I cracked up. Dining hall conversations are one of my top favorite things. Everyone sits down over camp food and laughs at hilarious stories, bonds over the week’s struggles, and breaks down any barriers that ever existed.

“Ready for the urn.”

That was the joke of the week.

“It’s so hot, I’m ready for the urn!”

In context, the joke is that you have completed your stay–– “I can’t lol,” “I’m dying right now– ded” (ded- to die from hilarity; dies from laughter), or “that is it for me”, “can’t continue,” “I feel too old.”

It sounds quite grim when you define it. But when you are sitting in the devil’s armpit (another joke of the week; our loving nickname for the obscene 104-degree heat at camp in Spain), everything becomes a bit more funny.

However, in hindsight. I see a different way to look at its definition.

In the midst of it all, when the exhaustion, heat, and work can make you feel selfish, exhausted, and grumpy, you must die to yourself.

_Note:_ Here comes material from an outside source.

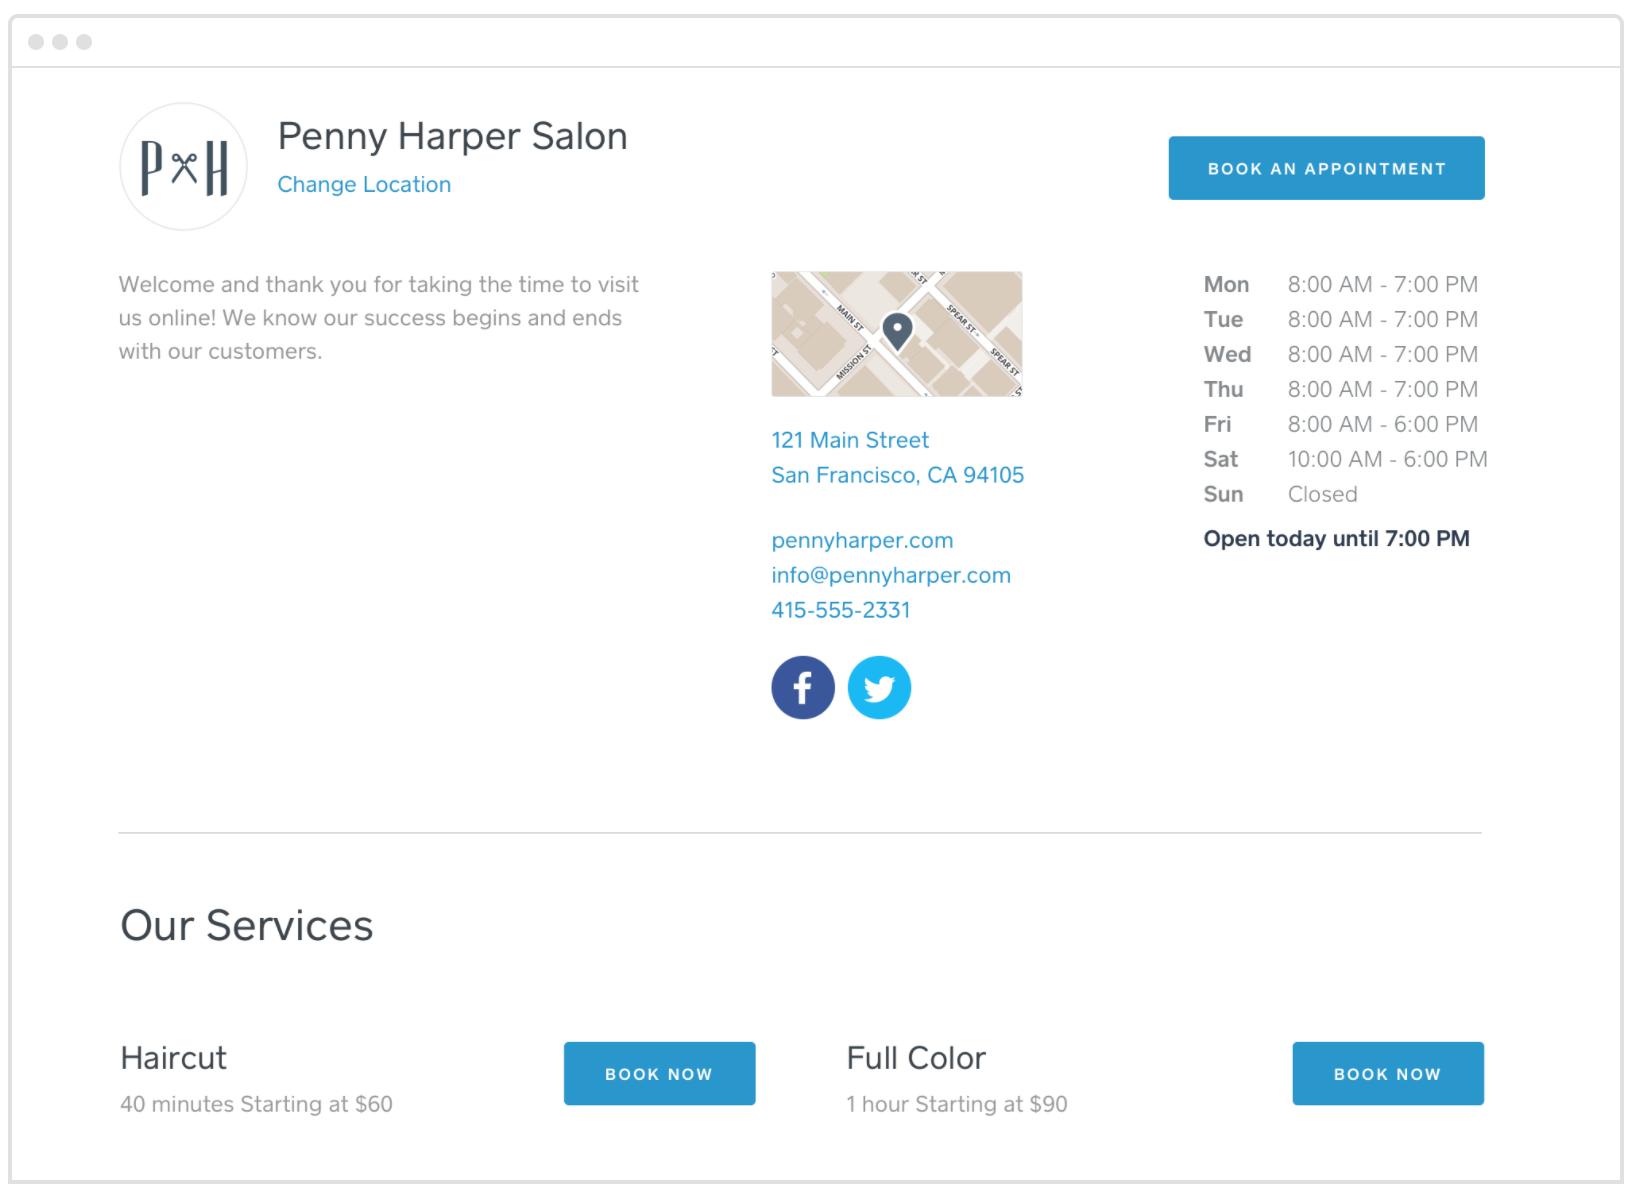 Let clients book appointments online 24/7

“What should we say then? Should we continue in sin so that grace may multiply? Absolutely not! How can we who die to sin still live in it? Or are you unaware that all of us who were baptized into Christ Jesus were baptized into his death? Therefore we were buried with him by baptism into death, in order that, just as Christ was raised from the dead by the glory of the Father, so we too may walk in newness of life. For if we have been united with him in the likeness of death, we will certainly also be in the likeness of his resurrection.” (Romans 6:1-6)

So, in my own work around way, “ready for the urn” became a funky reminder to bear with my team in the midst of the struggles; to die to ourselves and adopt a mindset that reflects us being alive in Christ.

Perhaps this doesn’t mean much to you. Maybe it’s still the lasting impact of the time spent working in the heat and you cannot see the connection I’ve made in the phrase, or the humor of it all–– and that’s okay–– but, remember in those moments, when you are over it and you just can’t anymore, that you can rejoice in being alive in Christ, with a new perspective, filled with love and endurance.

Being ready for the urn is a fine thing. So long as in your struggles you are not “over it,” but allowing God to help you overcome it.